[Growwine] Encapsulated yeast
Paul Troop
paul at vivezza.com
Tue Nov 13 19:13:59 EST 2007
Starling Lane Winery used it in there bubbly. I will try it this year.
http://www.starlinglanewinery.com/
Paul
----- Original Message -----
From: Larry Paterson
To: growwine at littlefatwino.com
Sent: Tuesday, November 13, 2007 4:09 PM
Subject: Re: [Growwine] Encapsulated yeast
The yeast was ordered from Scott Labs, and cost about $280 delivered for a kilo. It was a pain to get it here, I don't think anyone else in Canada is using it. I've ordered it three years running, and it's wonderful stuff as long as you keep free SO2 very low.
Lardy
Larry Paterson, lfw, rd, adcc
(Little Fat Wino, Roving Drunk, Alcohol Distribution Channels Critic)
http://www.littlefatwino.com/
----- Original Message -----
From: Laura
To: growwine at littlefatwino.com
Sent: Tuesday, November 13, 2007 6:39 PM
Subject: Re: [Growwine] Encapsulated yeast
where did you buy it Lardy ?
Laura
----- Original Message -----
From: Larry Paterson
To: Growwine List
Sent: Tuesday, November 13, 2007 10:40 AM
Subject: [Growwine] Encapsulated yeast
Hi everyone:
I've been using encapsulated yeast (from Scott Labs, see http://www.scottlab.com/products/fermentation/yeast.asp#encapsulated
they've loaded a better users guide at http://www.scottlab.com/products/fermentation/documents/UsersguideforProElif.pdf
I've been using some of the leftovers from last year (which seem to have survived well in my fridge) to do some unique fermentations. I started by putting the probably 30 grams of ProElif DV 10 into the four litres plus of really nice ripe Vidal from the end of my house in Peterborough. When this was down to a nice residual sugar (around 4 per cent sugar right now, may take it a bit farther yet) I ran the wine through a new coffee filter, trapping the encapsulated yeast easily.
This yeast, which was somewhat larger than it started, was then added to four litres of apple juice, and quickly fermented this dry. At this point, I took the yeast and added it into two litres of reverse-osmosis water. Also, I put in 12 grams of tartaric acid, and 400 grams of sugar, and about 1.5 grams of fermaid. This made it 20% sugar, with 6 grams per litre of acidity, and an incredible pH of about 2.3. This too fermented quickly and the now-much-larger yeast beads are fermenting another four litres of water, without benefit of yeast nutrient this time.

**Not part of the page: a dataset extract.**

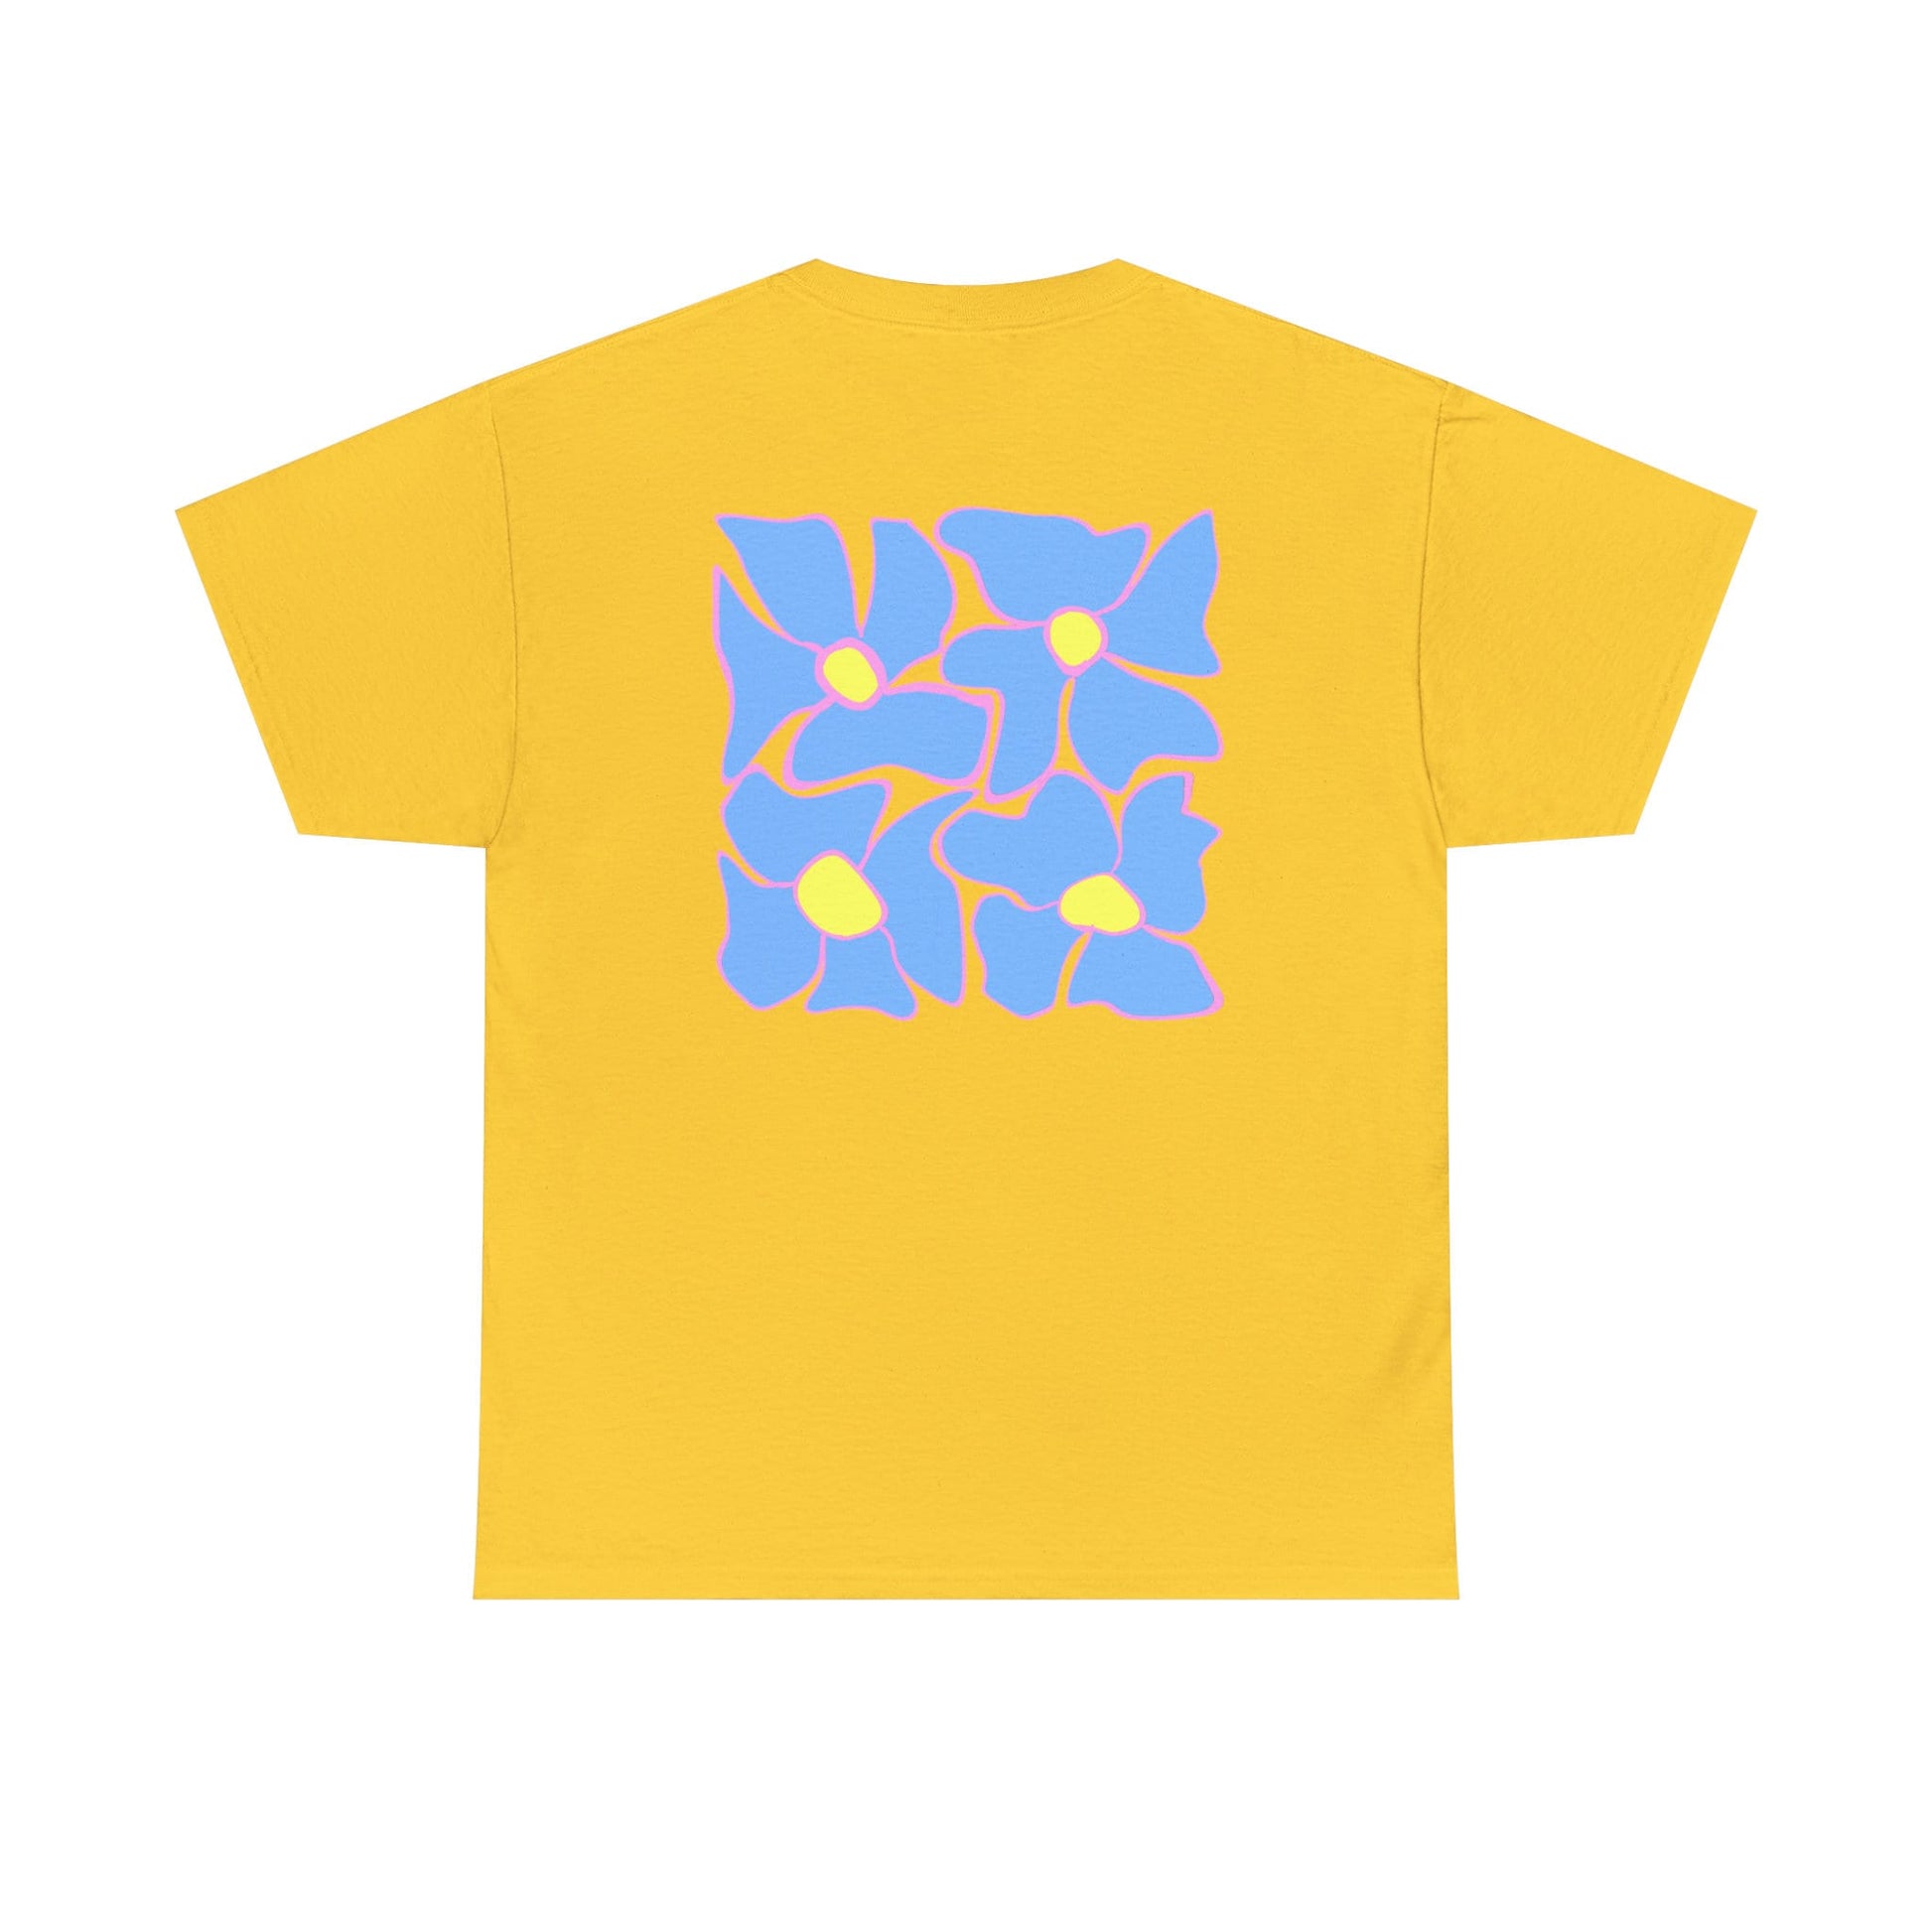 flowerz tee (design is on the back)

http://littlefatwino.com/temporary1.jpg
http://littlefatwino.com/temporary2.jpg
http://littlefatwino.com/temporary3.jpg
The process is much like a sixties lava lamp, with beads rising and falling all over the carboy. Amazing to watch. Can't wait to explore uses for this water wine. Can't imagine anything further happening when it is just reverse-osmosis water, a bit of acid and some alcohol. May be perfect general-purpose topup wine! (and how about running this through the coffee maker to serve to overnight wino guests who may have had a slight excess)
comments?
Lardy
Larry Paterson, lfw, rd, adcc
(Little Fat Wino, Roving Drunk, Alcohol Distribution Channels Critic)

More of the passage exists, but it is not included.